Abstract

Zinc supplementation therapy has been shown to improve the prognosis of patients with hepatitis C virus (HCV) infection. However, little is known about the changes in serum zinc levels with treatment using direct-acting antiviral agents (DAAs). This prospective study investigated the changes in serum zinc levels before and after treatment with DAAs in hepatitis C patients.

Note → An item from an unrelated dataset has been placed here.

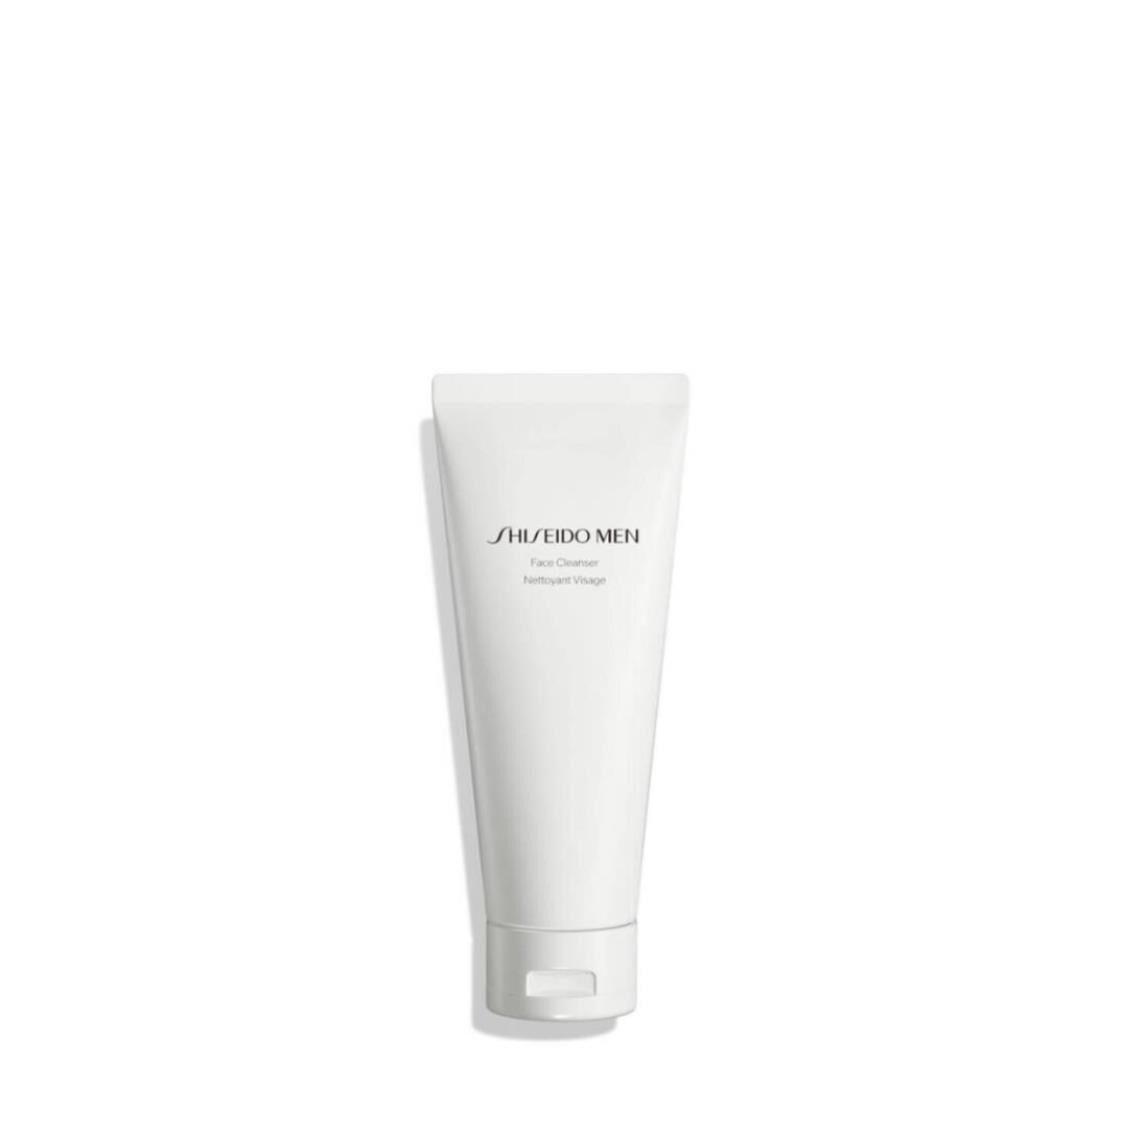 Shiseido Men Face Cleanser 125ml
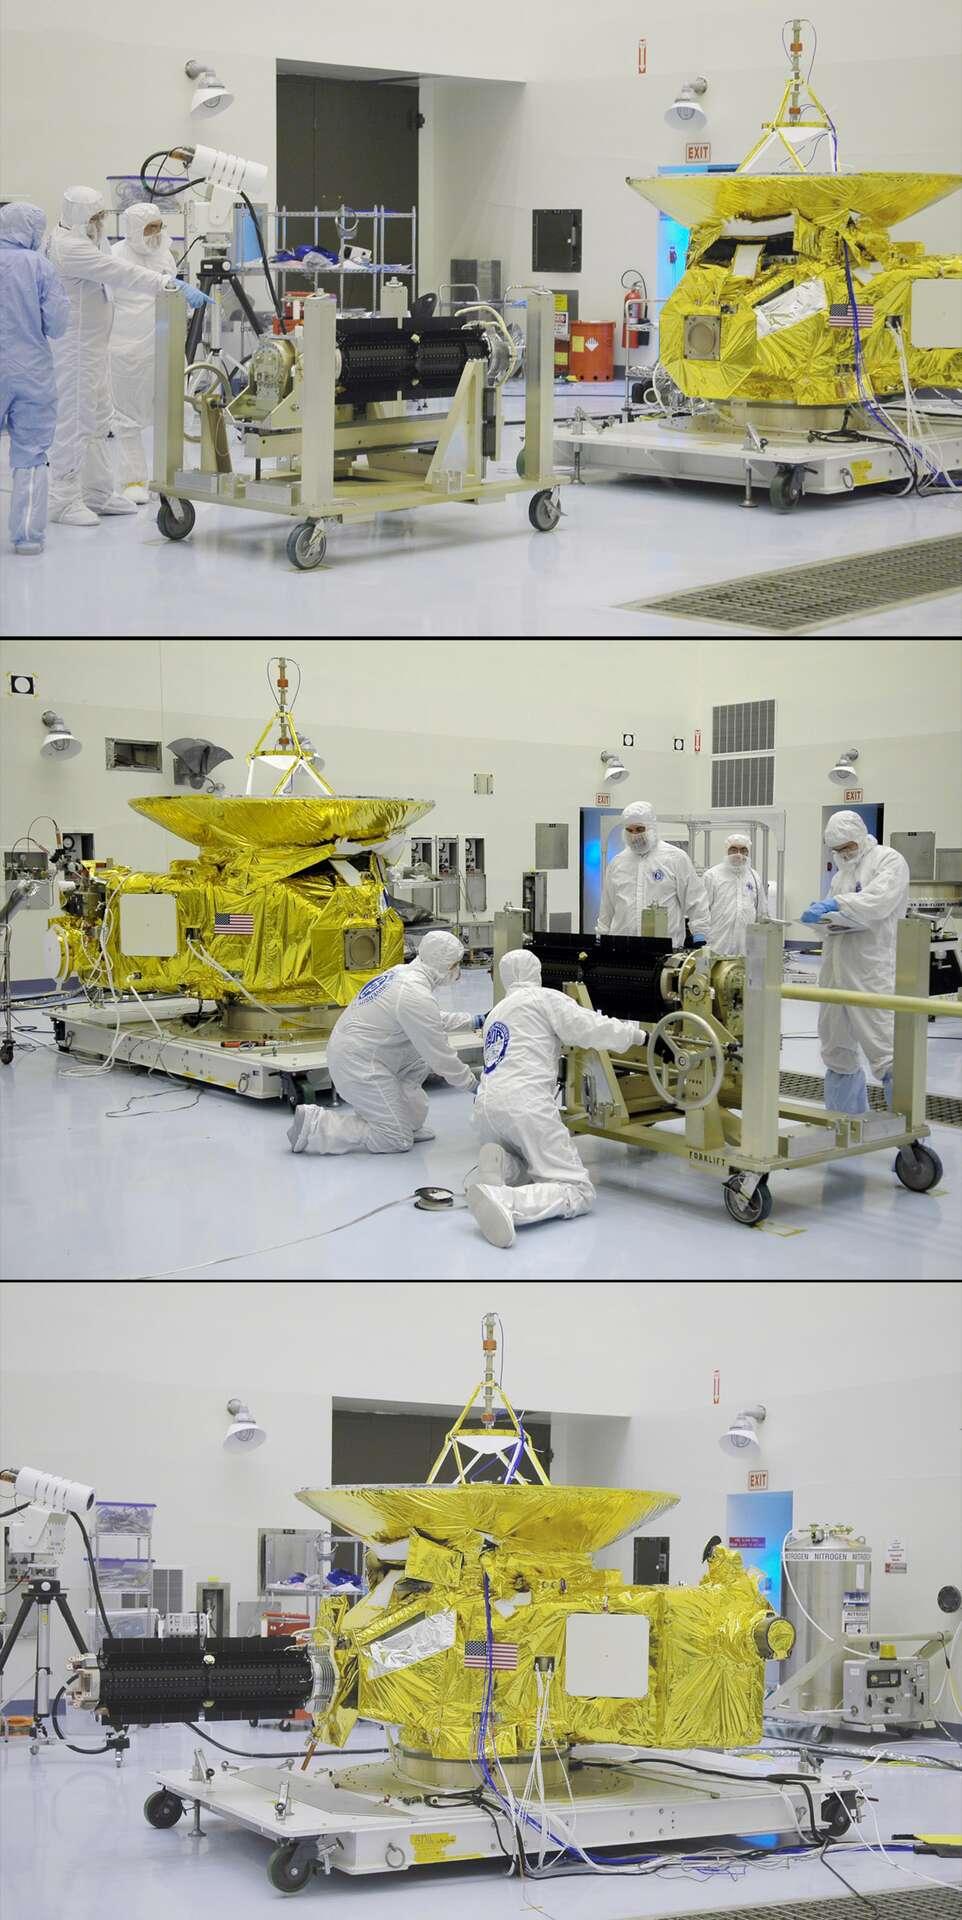 Installation du RTG de la sonde New Horizons de la Nasa, qui doit rejoindre la planète naine Pluton en juillet 2015. © Nasa

Thirty-one patients with chronic hepatitis C or HCV-related compensated cirrhosis who were treated with DAAs (glecaprevir/pibrentasvir or elbasvir/grazoprevir) were included in the study. Serum zinc and serum albumin levels were measured before DAA treatment (Baseline), at the end of treatment (EOT), and at 12weeks after EOT (Follow-up 12). The changes over time in the serum zinc and serum albumin levels were investigated. The mean age of the patients was 68.5 ± 12.1 (range, 40-86) years, and 17 (55%) were women. Based on the Japanese Society of Clinical Nutrition diagnostic criteria, 6 patients had zinc deficiency (<60μg/dL), and 21 patients had subclinical zinc deficiency (60-80μg/dL). Significant differences in serum zinc levels were seen between Baseline and EOT (P = 0.01) and between EOT and Follow-up 12 (P = 0.0003). There was no significant difference in serum albumin levels between Baseline and EOT (P = 0.76), but a significant increase was seen between EOT and Follow-up 12 (P = 0.01). Increases in serum zinc are directly related to DAA treatment and are not a result of increases in albumin. Inhibition of the non-structural protein (NS)3 and NS5A by DAAs could be associated with the improvement of serum zinc levels in hepatitis C patients.